Naumenko, tired of waiting, sued the UK’s transport department to free the vessel and is seeking undisclosed damages, according to a high court claim document. A judge presided over a preliminary high court hearing with lawyers representing Naumenko and the transport secretary. He stated that Phi was a vessel of interest to the UK Government as it was owned, controlled, or operated by a person connected with Russia.
The Russian businessman will have to wait a bit longer as a substantive hearing will occur in July. In the past, wealthy, sanctioned oligarchs like Farkhad Akhmedov (Luna Yacht) and Alisher Usmanov (Dilbar yacht) have pleaded with the European courts to suspend the harsh sanctions to get their seized megayachts back.
The Ph-abulous Phi yacht-
Naumenko has never even used his glorious $48 million asset, which explains his frustration. Royal Huisman’s 192-footer PHI completed her maiden voyage in December 2021 in London following delivery and was seized shortly after. The Cor D Rover-designed Phi, a fast-displacement, aluminum superyacht, looks stellar in blue with interiors by London design studio Lawson Robb.
In addition to a top speed of 22 knots, the vessel flaunts a freshwater swimming pool that can be covered by a flush pool cover and sealed with the touch of a button.
The sleek motoryacht boasts a 300-bottle infinite wine cellar in the lower deck lobby, called so owing to the interplay of mirrors, creating an illusion of an endless corridor adorned with wine bottles. Phi can accommodate 12 guests in six cabins serviced by 11 crew.
Phi became the first-ever yacht to be detained in UK waters –
Phi Yacht was in London for a World Superyacht Awards judging panel event in 2021. Tables turned for the superyacht as it was surprisingly boarded by officers from the National Crime Agency hours before it was due to leave Canary Wharf. The NCA said Phi was registered to a company in the Caribbean islands of St Kitts and Nevis and carried Maltese flags to hide its origins deliberately. Phi became the first yacht to be detained in UK waters on these grounds.

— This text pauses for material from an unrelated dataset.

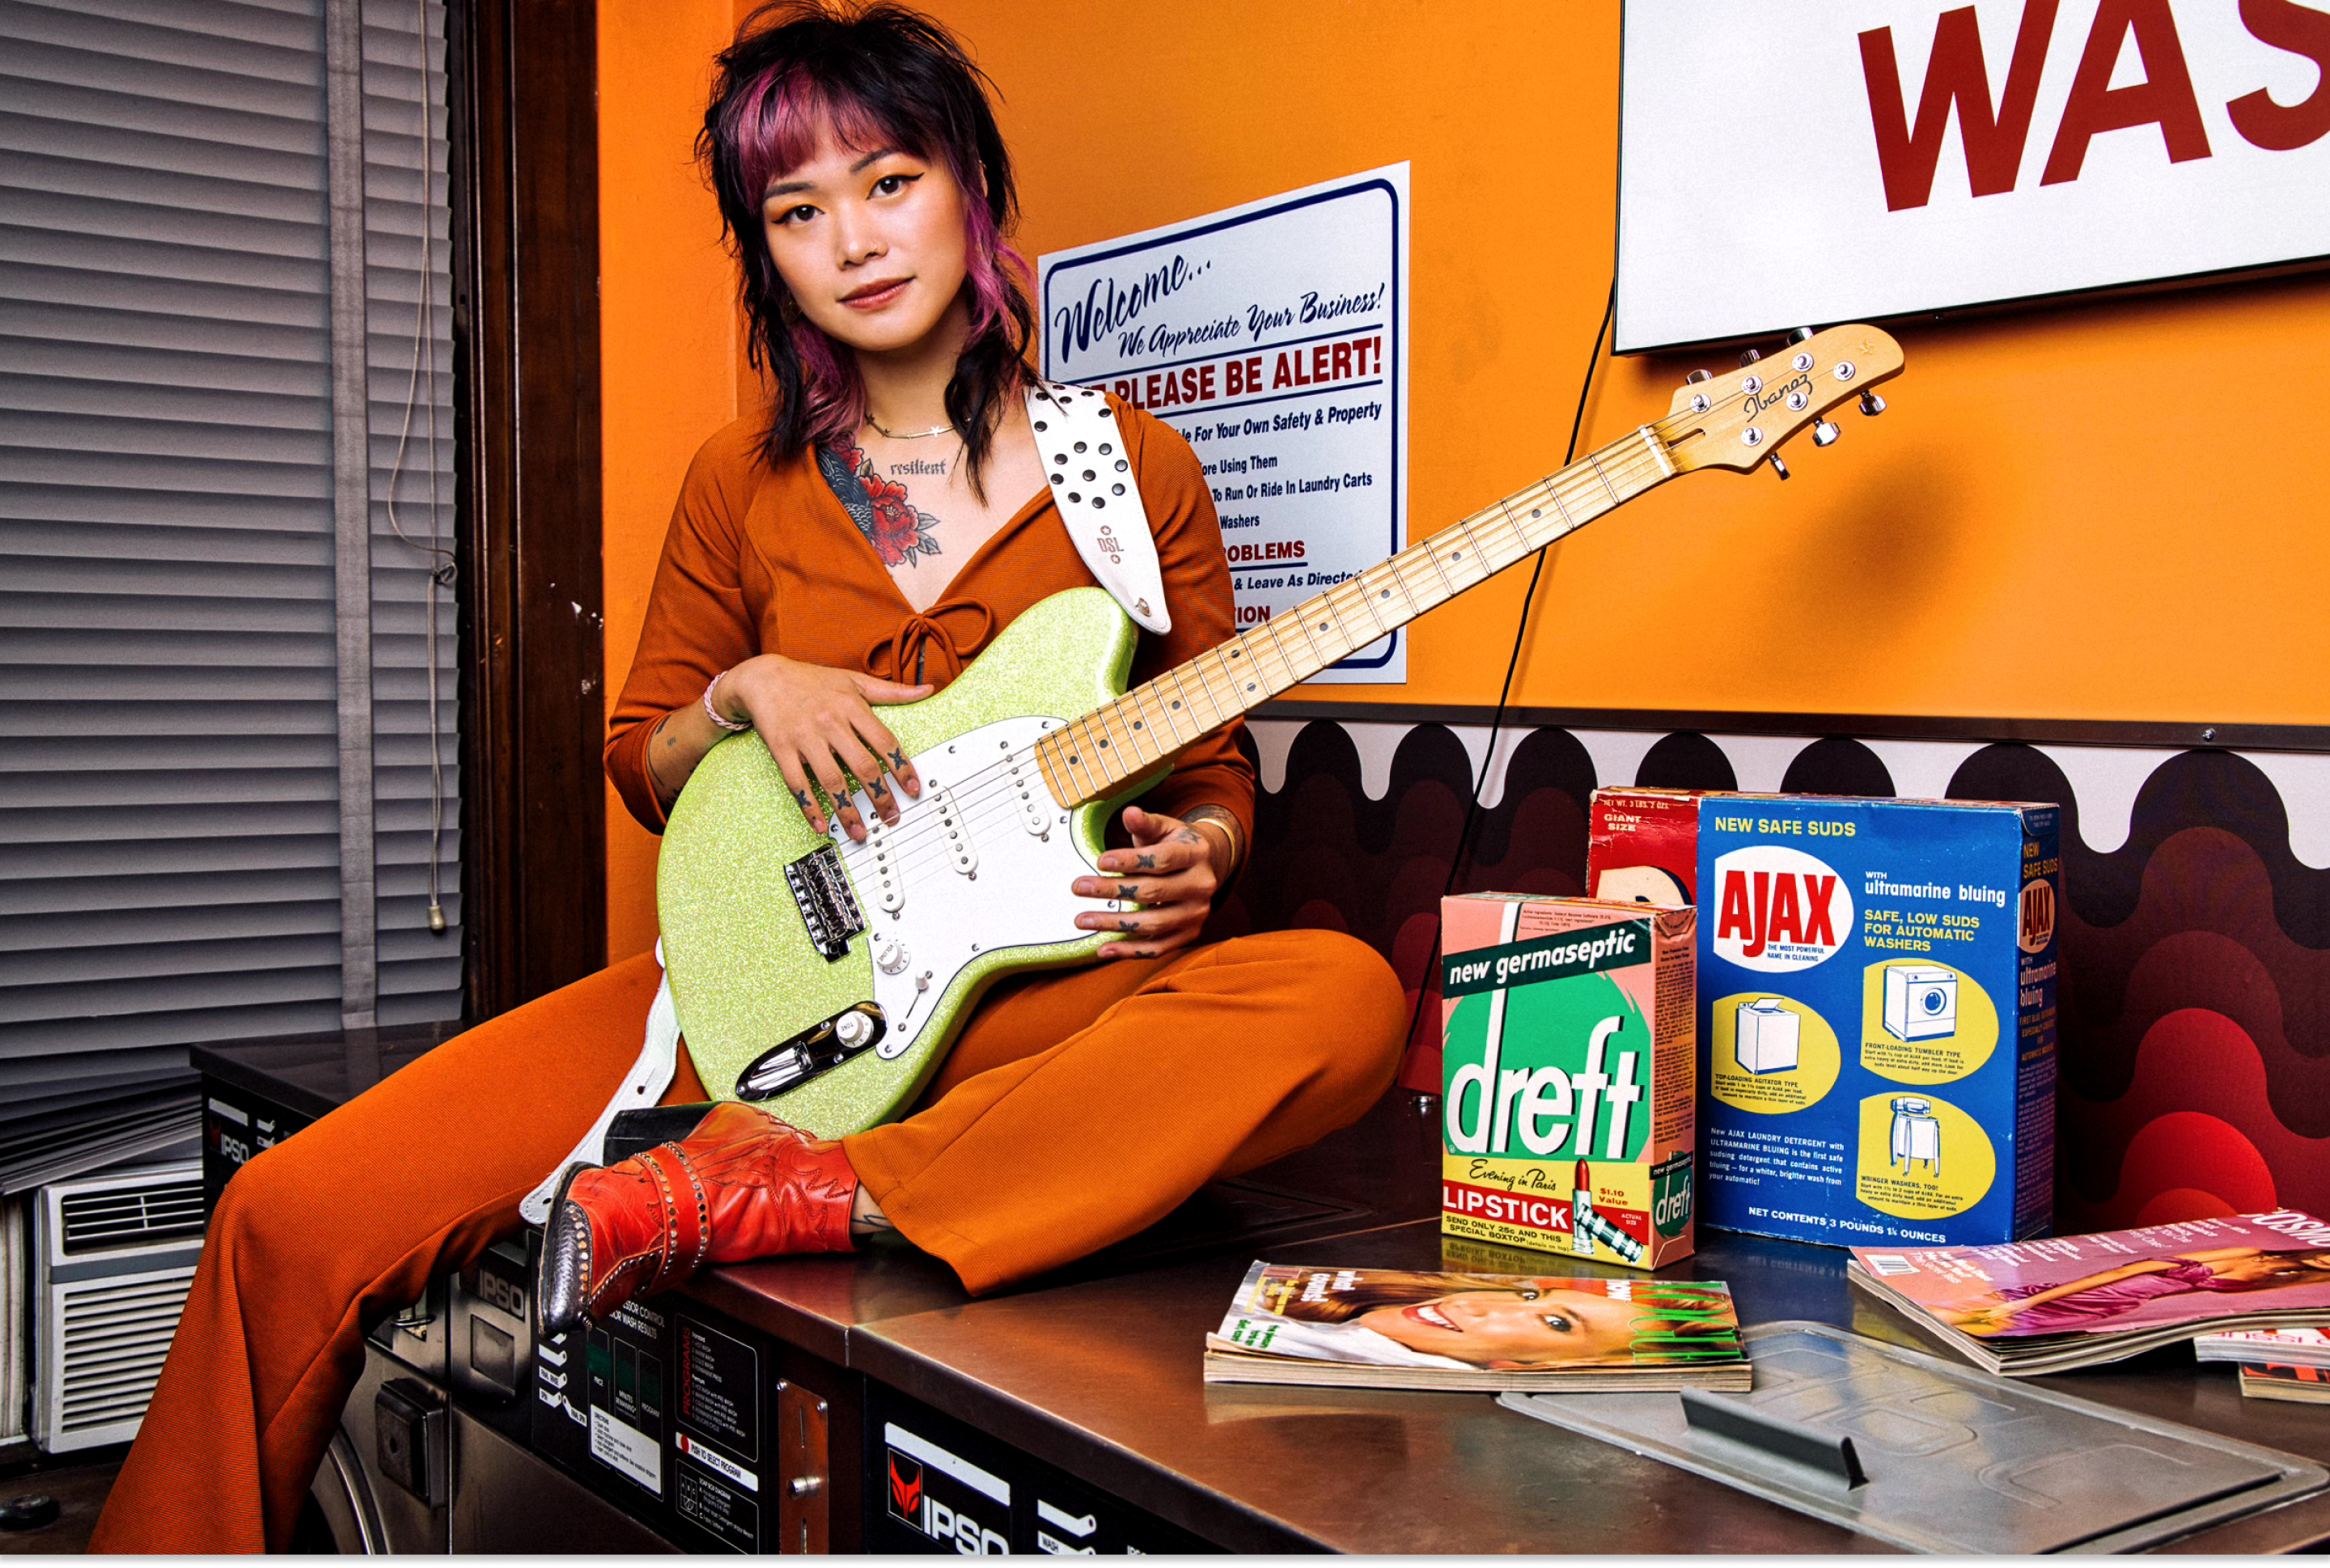 Yvette Young s'est assise sur une machine à laver en tenant sa guitare dans une laverie.

While Sergei Naumenko isn’t a sanctioned businessman, the government said the law impounded his pleasure craft simply because it was owned by a Russian national and did not require proof. Grant Shapps, transport secretary, said, “Detaining the Phi proves, yet again, that we can and will take the strongest possible action against those seeking to benefit from connections to Putin’s regime.” Shapps posted a TikTok video in March 2022, where he said: “We’ve just detained the ship which was due to sail at midday. It’s a yacht which belongs to a Russian oligarch — friends of Putin — and was here for a refit,” adding: “We’re not going to allow this yacht to sail we’ve detained indefinitely.” Phi was seized in March 2022 and has been docked at Canary Wharf.
The UK Government has already paid millions maintaining this yacht –
Per our calculations, a motoryacht with a length of 59 meters or 192 feet would have attracted a hefty bill of $150,000 in mooring fees alone. Moreover, the annual cost of maintaining a vessel is 10% of its value. Sergei Naumenko’s Phi is worth $48 million, meaning the UK government would have paid $4.8 million in upkeep since seizing the vessel in March last year.
Sergei Naumenko is a Russian property developer and food importer who isn’t on any sanctions list but is clearly, wealthy enough to afford a lavish luxury vessel.